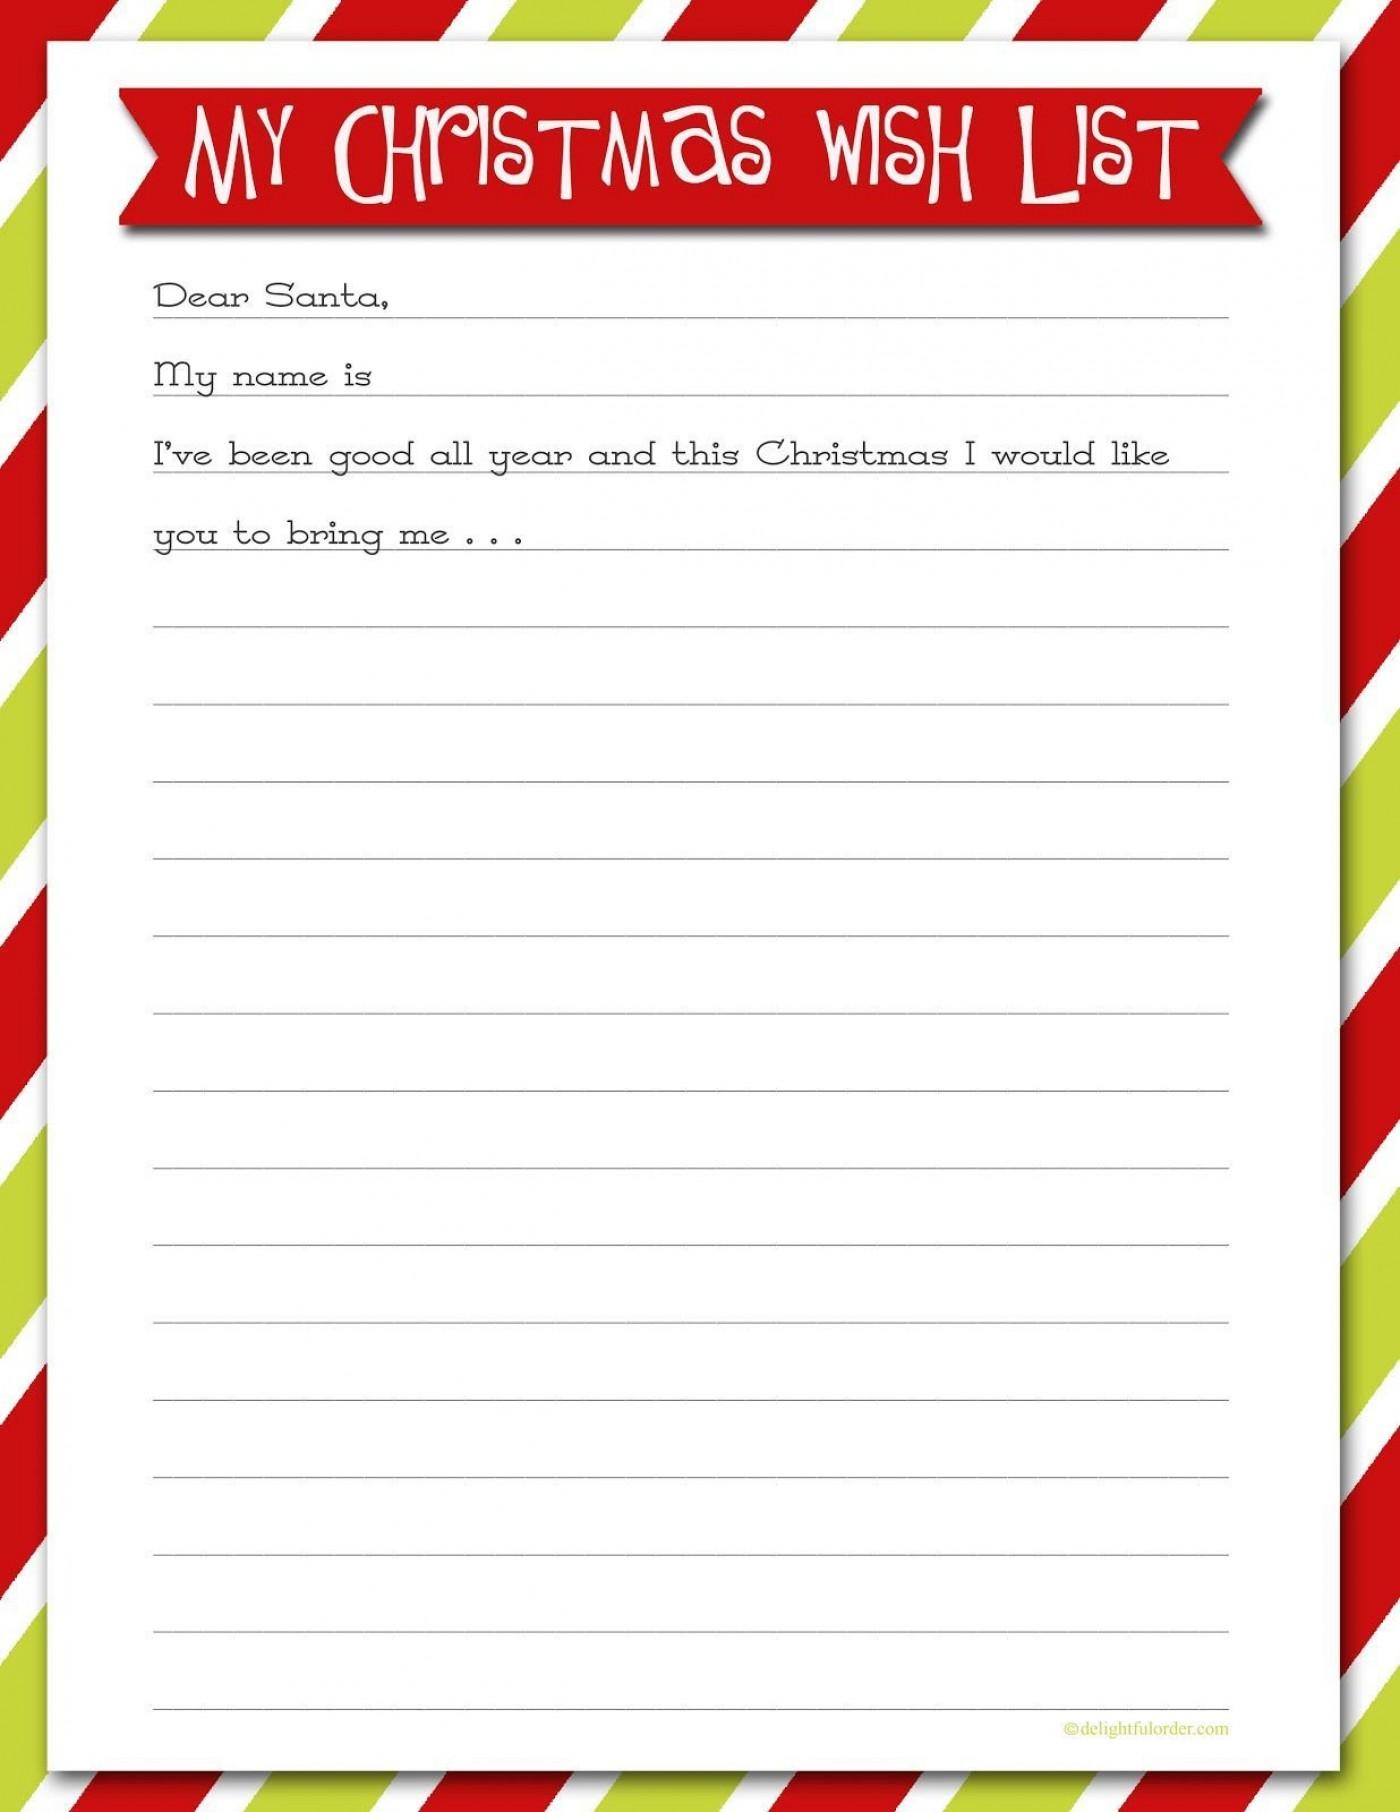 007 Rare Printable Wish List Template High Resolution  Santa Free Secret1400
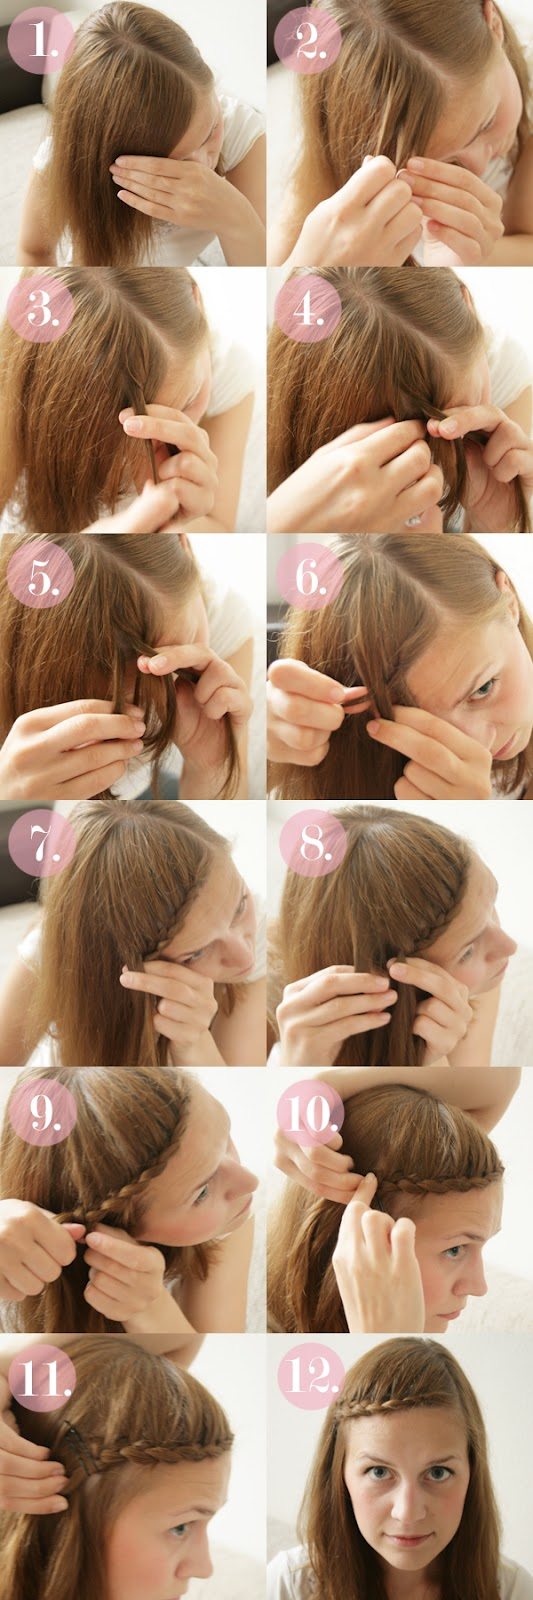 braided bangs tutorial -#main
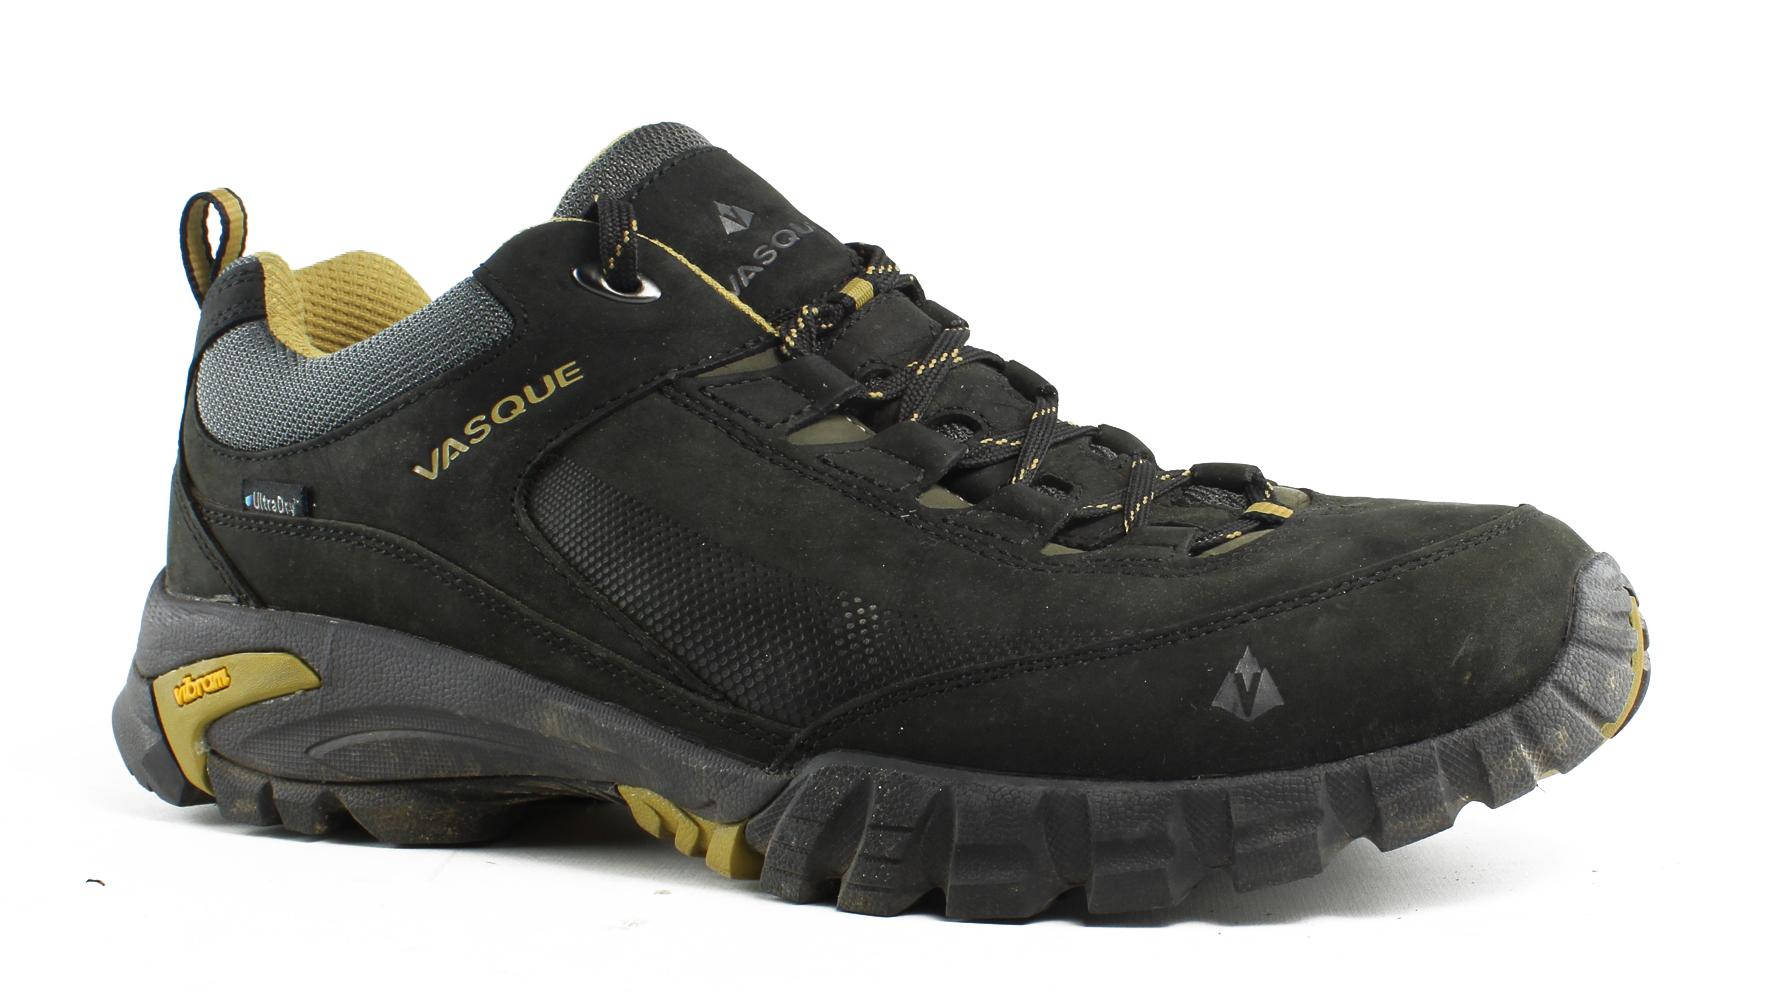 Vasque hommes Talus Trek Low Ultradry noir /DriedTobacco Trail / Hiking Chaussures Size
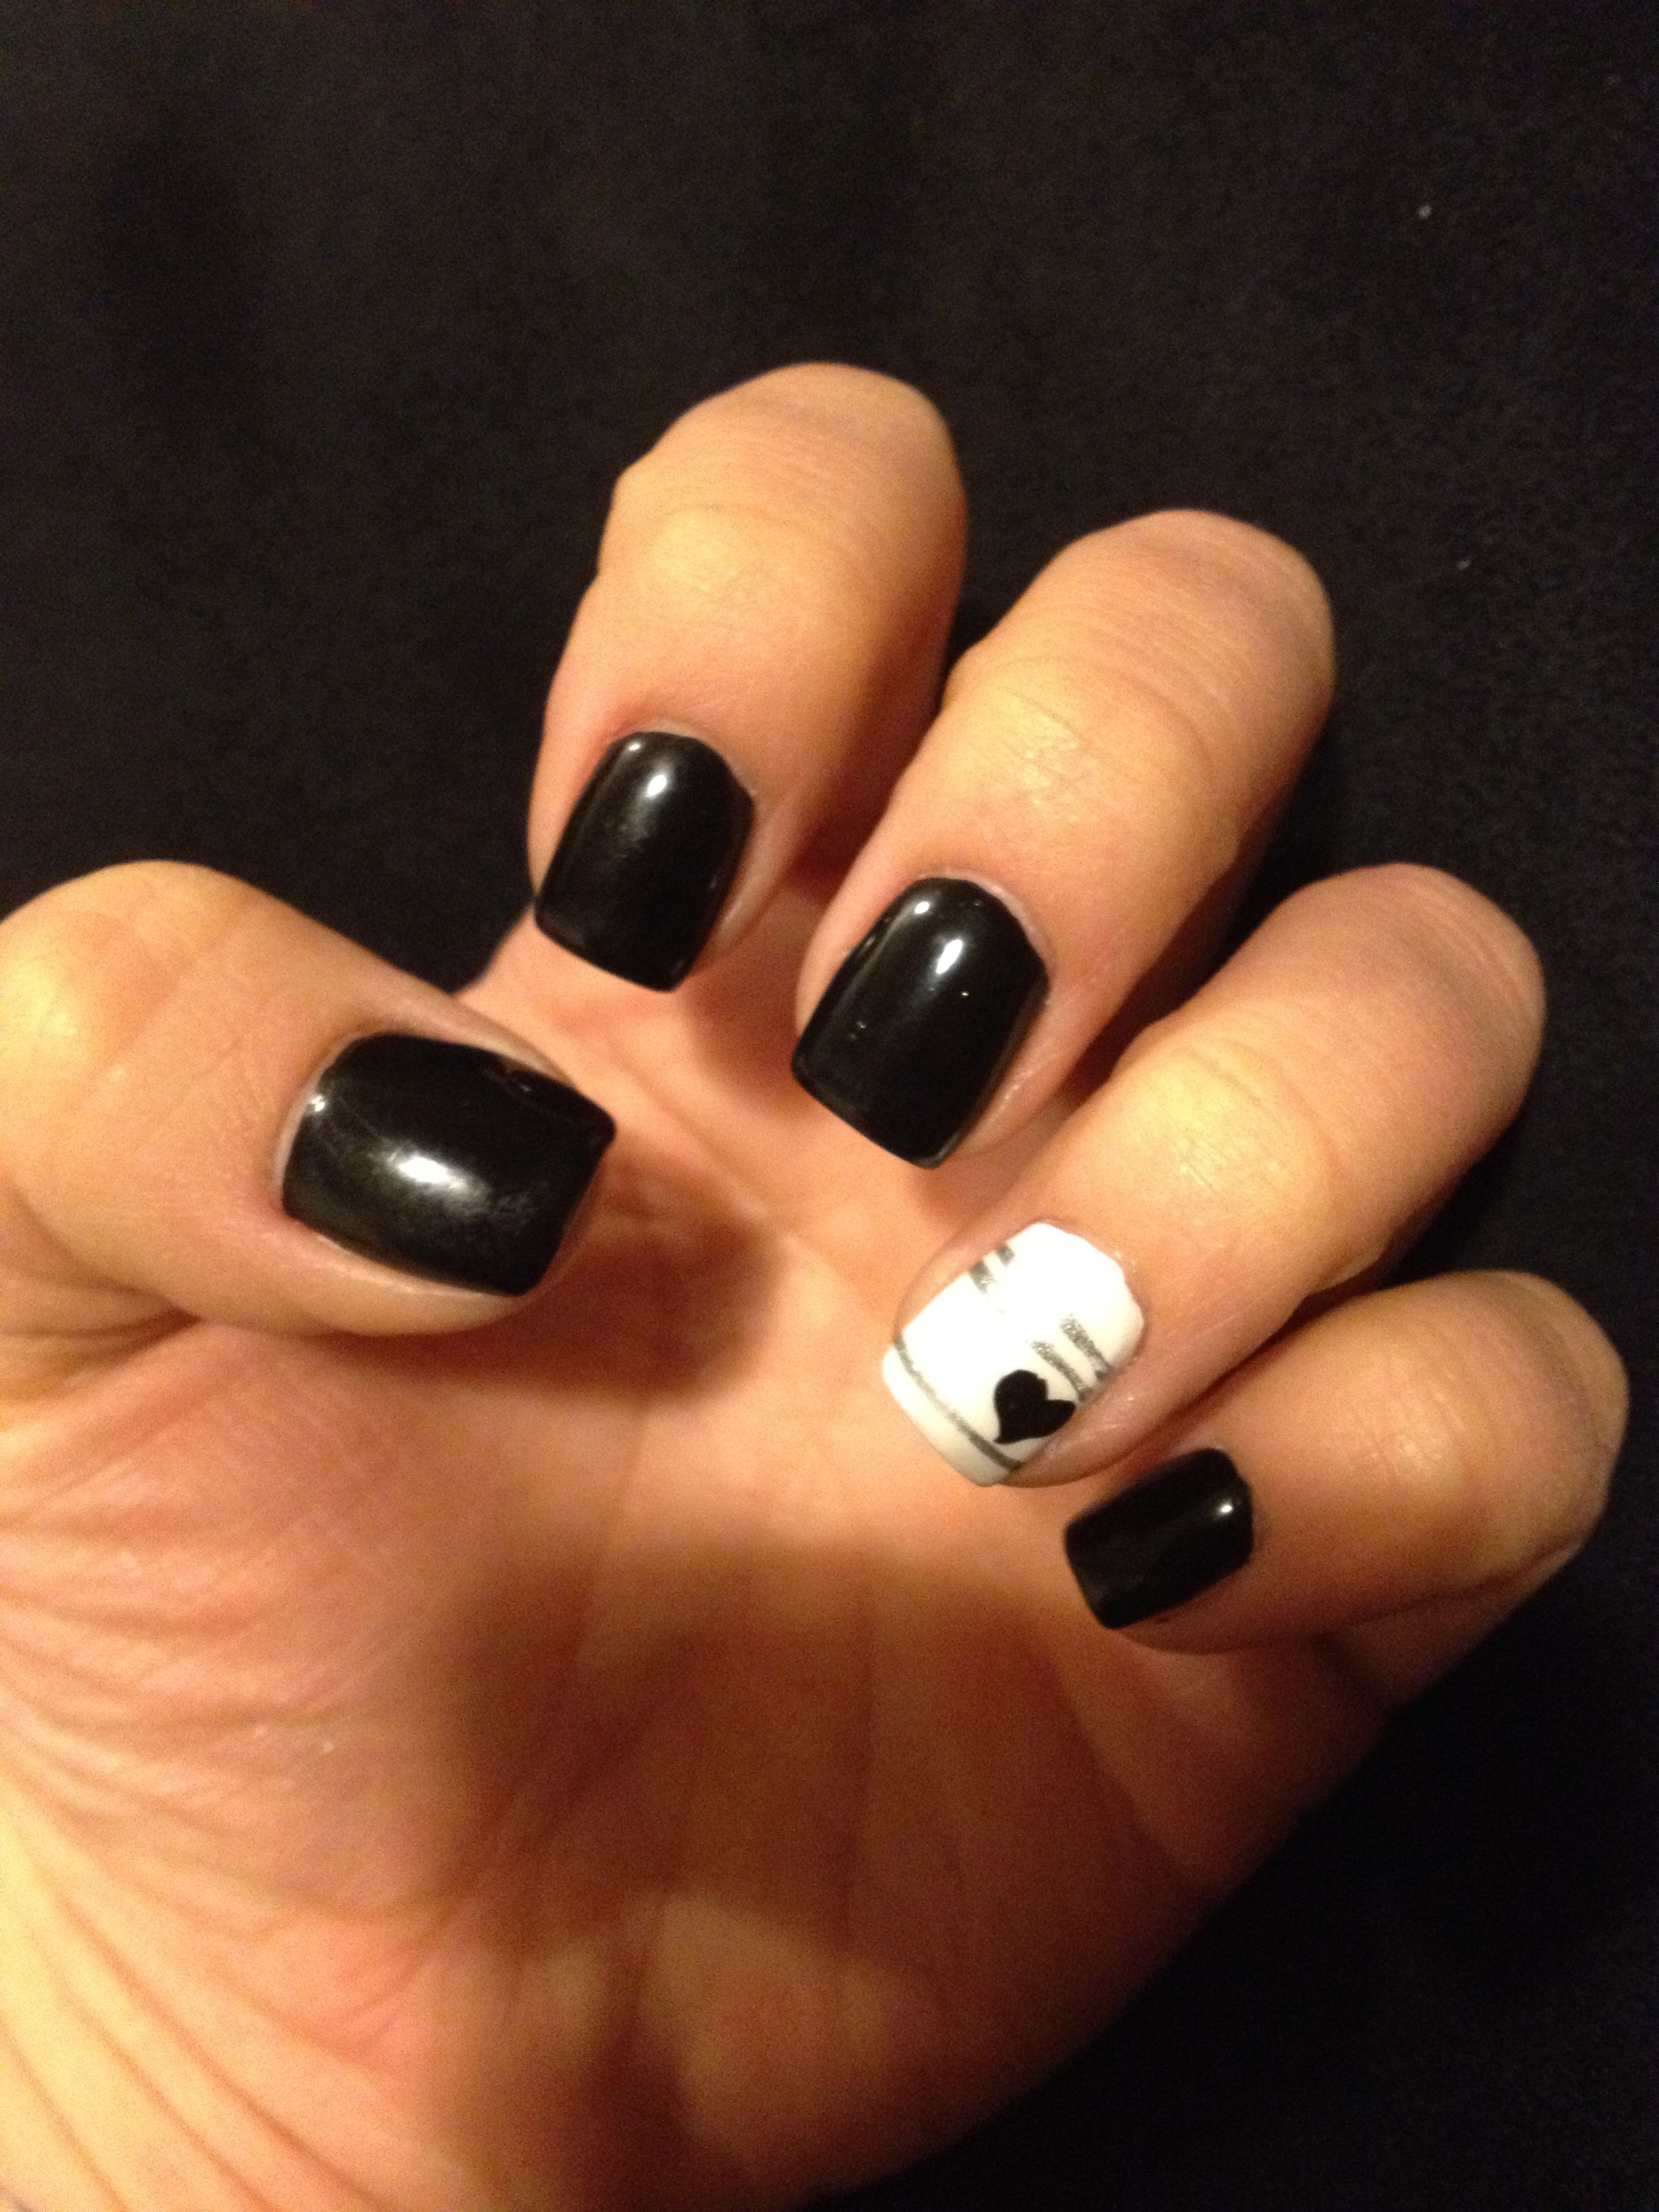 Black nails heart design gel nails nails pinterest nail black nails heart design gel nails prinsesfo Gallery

[Task] Return to the listing above and set it down exactly, leaving out its pictures.

[Answer to this problem]
 007 Rare Printable Wish List Template High Resolution  Santa Free Secret1400
 braided bangs tutorial -#main
 Vasque hommes Talus Trek Low Ultradry noir /DriedTobacco Trail / Hiking Chaussures Size
 Black nails heart design gel nails nails pinterest nail black nails heart design gel nails prinsesfo Gallery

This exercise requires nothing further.